Three years, one decree
Morocco passed Law 82-21 on electricity autoproduction in 2023. The law promised a straightforward deal: businesses and individuals could generate their own power, mostly from solar and wind, and sell surplus to the national grid.
Then nothing happened. The implementing decree sat in committee for three years.
On October 23, 2025, the Government Council finally adopted Decree No. 2.25.100. It was published in the official gazette this month and enters into force on June 9, 2026.
For a country that imports roughly 80% of its energy and saw electricity imports surge 26.4% through November 2025 (ONEE data), this matters.
What the decree allows
The framework creates three tracks depending on installation size:
Declaration covers small, off-grid installations. A business puts solar panels on its roof, uses the power, and that is it. Minimal paperwork.
Grid-connection approval covers medium-scale installations that connect to the distribution network.
Authorization is required for anything connected to medium- or high-voltage networks. These are the industrial-scale projects that could meaningfully shift Morocco's energy mix.

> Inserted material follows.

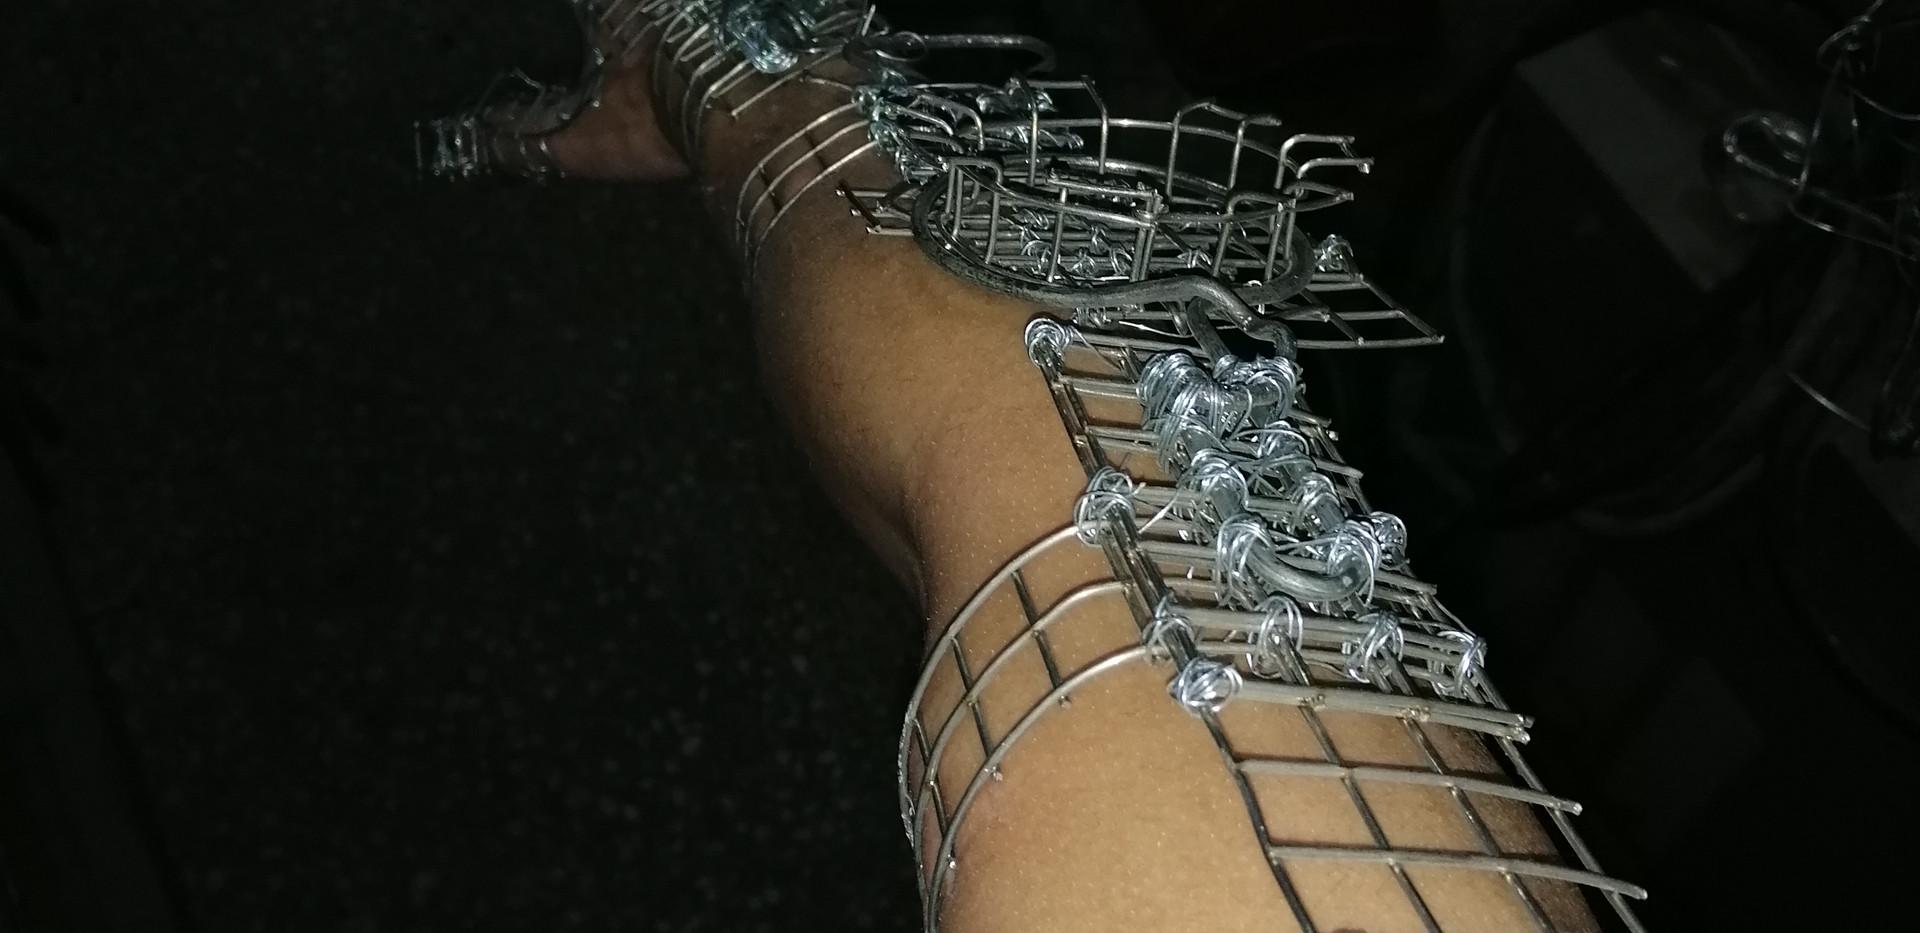 Articulated Exoskeleton, Worn

Self-producers can sell surplus electricity back to the grid, but only up to 20% of their annual production. ANRE set the buyback tariff at 21 centimes per kWh during peak hours and 18 centimes during off-peak. The network usage fee for medium-voltage distribution is 6.07 centimes per kWh.

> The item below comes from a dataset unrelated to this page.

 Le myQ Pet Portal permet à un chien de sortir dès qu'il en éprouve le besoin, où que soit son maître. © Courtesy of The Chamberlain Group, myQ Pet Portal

Why the 20% cap is a problem
Many industry stakeholders argue the 20% surplus limit makes large projects financially unviable. If a factory installs a solar array sized for peak demand, it will overproduce during low-demand hours. Capping grid sales at 20% means that excess power gets wasted.

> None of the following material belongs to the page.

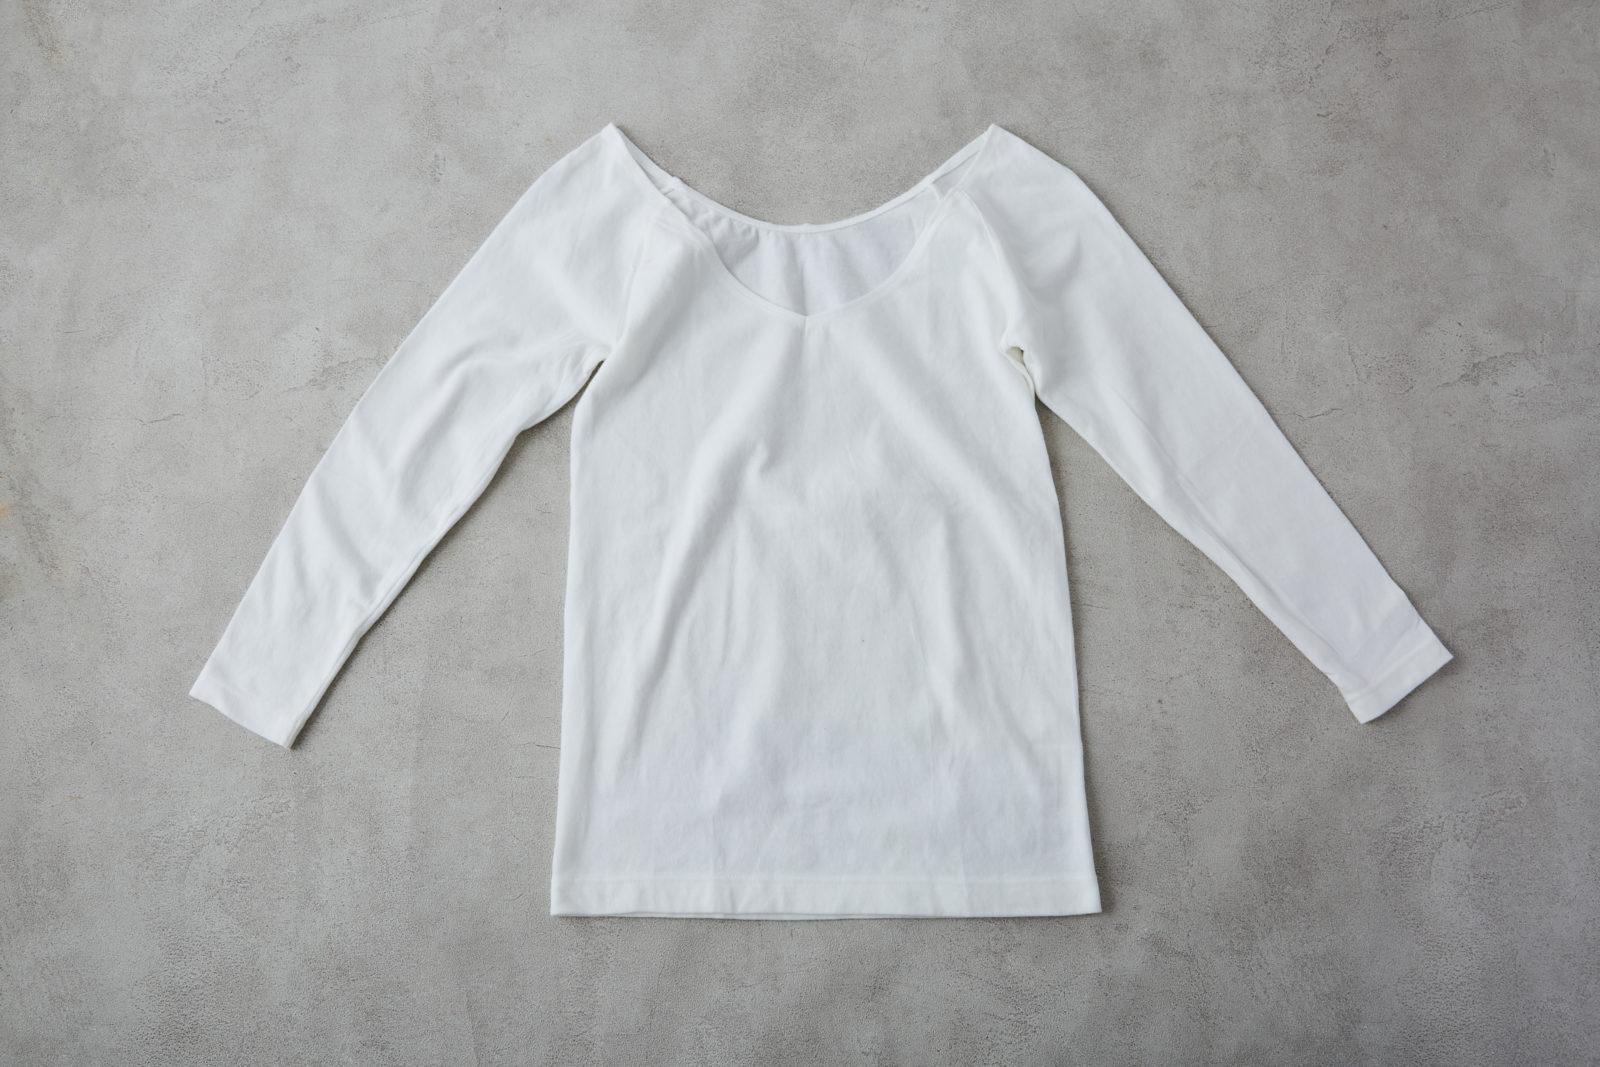 綿であったかVネック八分袖Tシャツ 婦人・オフ白

The government was expected to review Decree No. 2.25.01, which could raise or remove this threshold. That review has been postponed. Two other regulations remain in development: an energy storage framework and a curtailment mechanism for managing supply-demand mismatches.
Until all three pieces are in place, large-scale autoproduction will stay constrained.
Morocco's renewable energy gap
Morocco has ambitious targets. The government wants renewables to supply 52% of installed electricity capacity by 2030, a figure recently raised to 56%. That means reaching 10.5 GW from solar (4.7 GW), wind (4.3 GW), and hydropower (1.5 GW).
Current installed capacity tells a different story. Solar sits at roughly 1.6 GW. Wind is at 1.28 GW. Hydropower adds 1.1 GW. Total: about 4 GW, less than 40% of the 2030 target.
ANRE has approved annual capacity targets of 9.3 GW for wind and solar by 2029 (Enerdata, 2025). But more than two-thirds of Morocco's electricity still comes from fossil fuels, primarily coal.
Autoproduction will not close this gap alone. It can, however, distribute the burden. Every factory running its own solar array is one less megawatt ONEE (the national utility) needs to generate or import.
What this means for investors
The decree signals intent, not completion. Morocco is building the regulatory architecture for decentralized renewable energy, piece by piece. For companies already operating in Morocco, the immediate opportunity is straightforward: install solar, cut energy costs, sell a small surplus.
For energy investors and developers, the real opportunity arrives when the 20% cap is raised and storage regulations land. That timeline remains unclear.
The companies to watch are those already manufacturing solar panels and inverters in Morocco's industrial zones, particularly around Tangier and Kenitra, where automotive and aerospace manufacturers face rising energy costs and have the roof space to act.